No, Gnulib does not support this. We freely use GCC extensions,
such as ({...}) or asm, usually conditionalized with
  defined __GNUC__ || defined __clang__
Only in math.in.h and xalloc-oversized.h we also test __STRICT_ANSI__.

We could test __STRICT_ANSI__ also in more places, but what really is the
point? So that people then complain "the asyncsafe-spin and simple-atomic
tests fail for me"?

The point of '-std=c99' is to verify that the source code is pure ISO C
without any extensions. Gnulib is not in that category.

> 2) It seems explicit_bzero.c in gnulib fall backs to using 'asm' for
> GCC, which isn't working in non-GNU modes of gcc.

In lib/explicit_bzero.c you see that we need to defeat compiler optimizations.
'asm' lets us formulate a memory barrier. Without 'asm' we have a fallback
code that defeated compiler optimizations at the time it was written, but
that will break in the long run as compilers are becoming better.

> Further wondering:
>    1) The reason for having explicit_bzero is read_file, which needs it
>    for reading sensitive files, a feature we don't use.  Uncoupling this
>    unnecessary dependency would have been nice.

No, we have explicit_bzero because it's a glibc function that we think
should be available to programs on all OSes.

>    2) Is there no other way to implement explicit_bzero without 'asm'?
>    There is a another fallback code using volatile pointers, but I'm not
>    sure it really has the same semantics.

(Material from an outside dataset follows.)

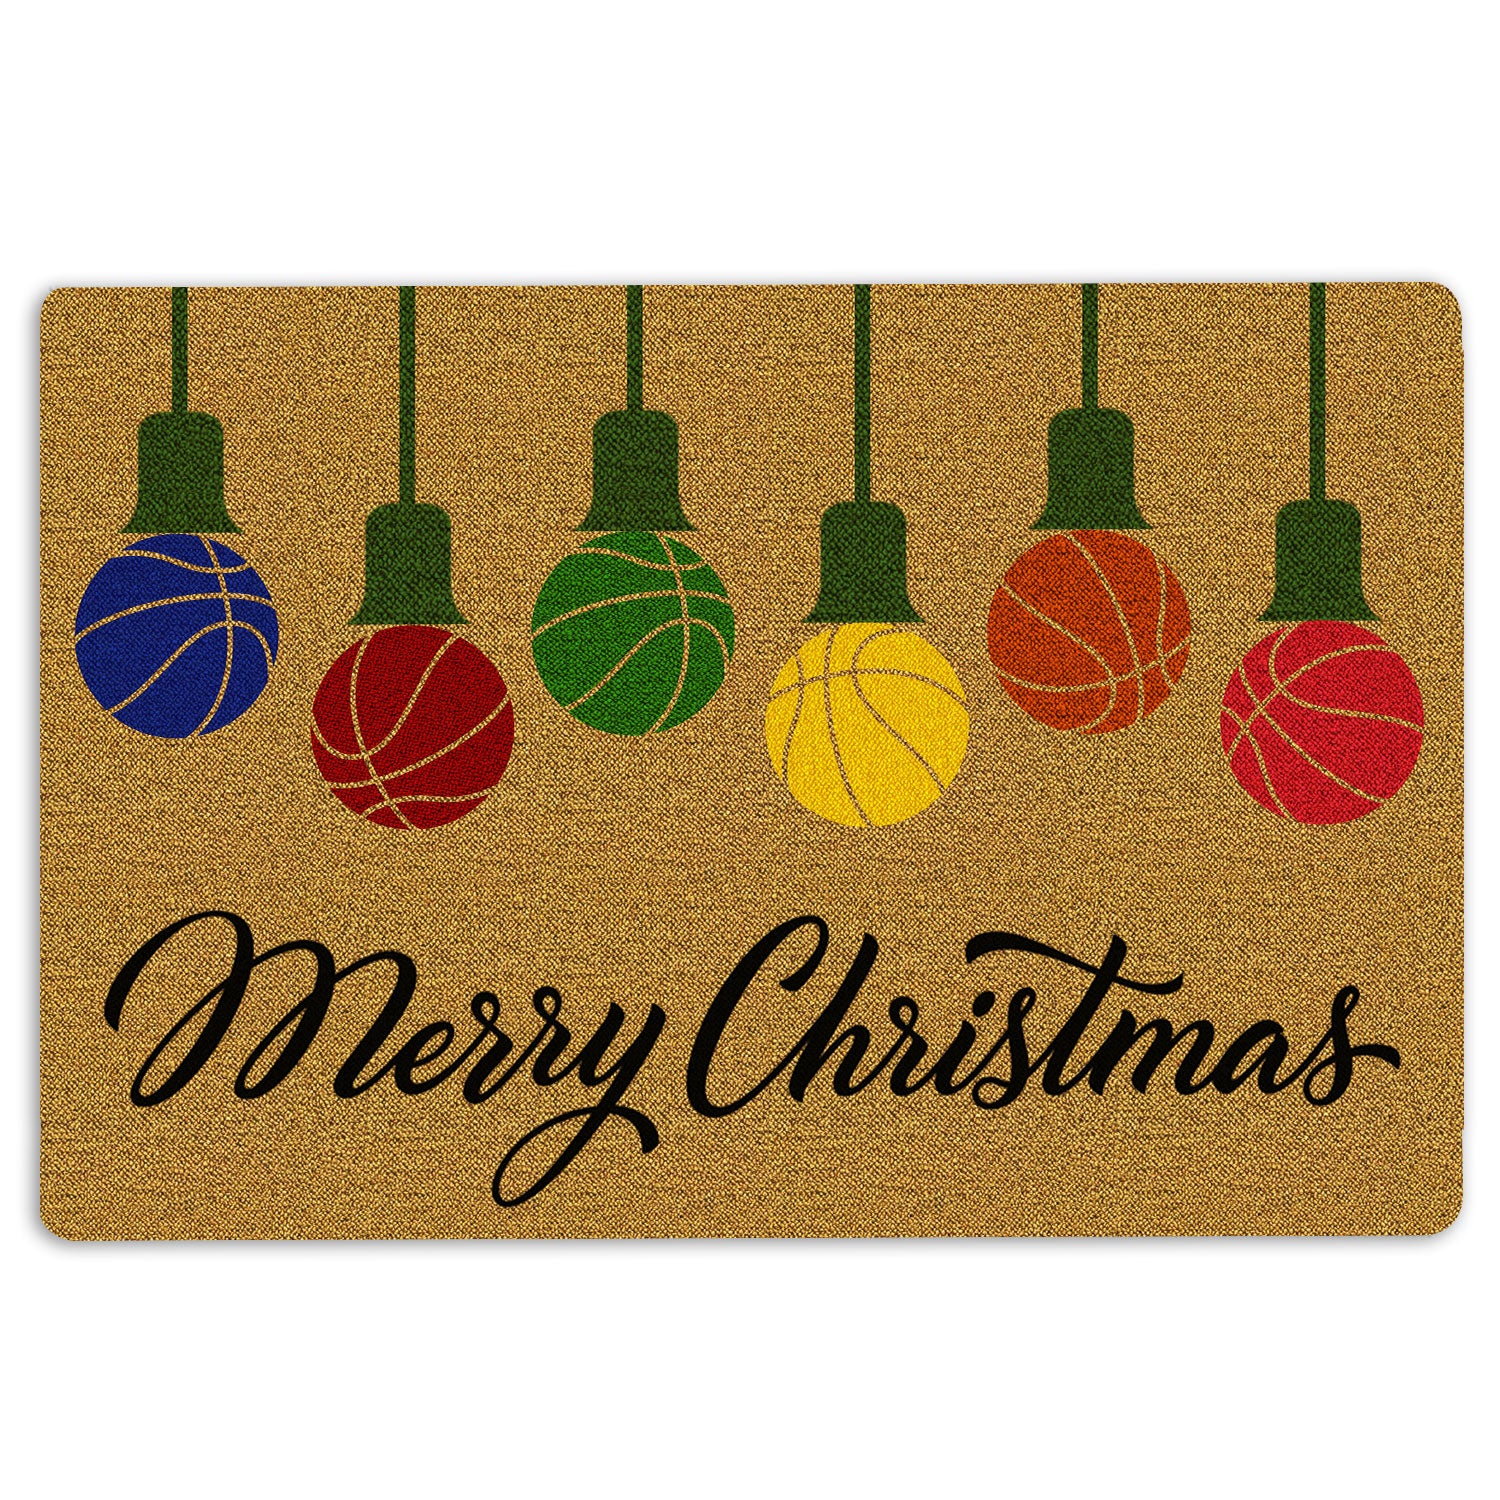 Ohaprints-Doormat-Outdoor-Indoor-Merry-Christmas-Basketball-String-Light-Xmas-Winter-Rubber-Door-Mat-7-18'' x 30''

That's the point, exactly: Here 'asm' is necessary.

>    3) Is there a way to detect if the compiler supports 'asm'?  The
>    current test 'defined __GNUC__ && !defined __clang__' is what is
>    really failing here.

Probably something like
  (defined __GNUC__ || defined __clang__) && !defined __STRICT_ANSI__

> 3) Is the idiom of using separate functions bzero() vs explicit_bzero()
>    to avoid security-problematic compiler optimization still a good one?
>    1) If yes, I think we should have read_sensitive_file() rather than
>    extending read_file() with a flag for this purpose.
>    2) If no, what is the better idiom to use here instead of
>    explicit_bzero?

When the code for average contexts and the code for secure contexts differ
only by a few lines of code, we would like to avoid code duplication. As
code duplication means twice the maintenance effort in the future.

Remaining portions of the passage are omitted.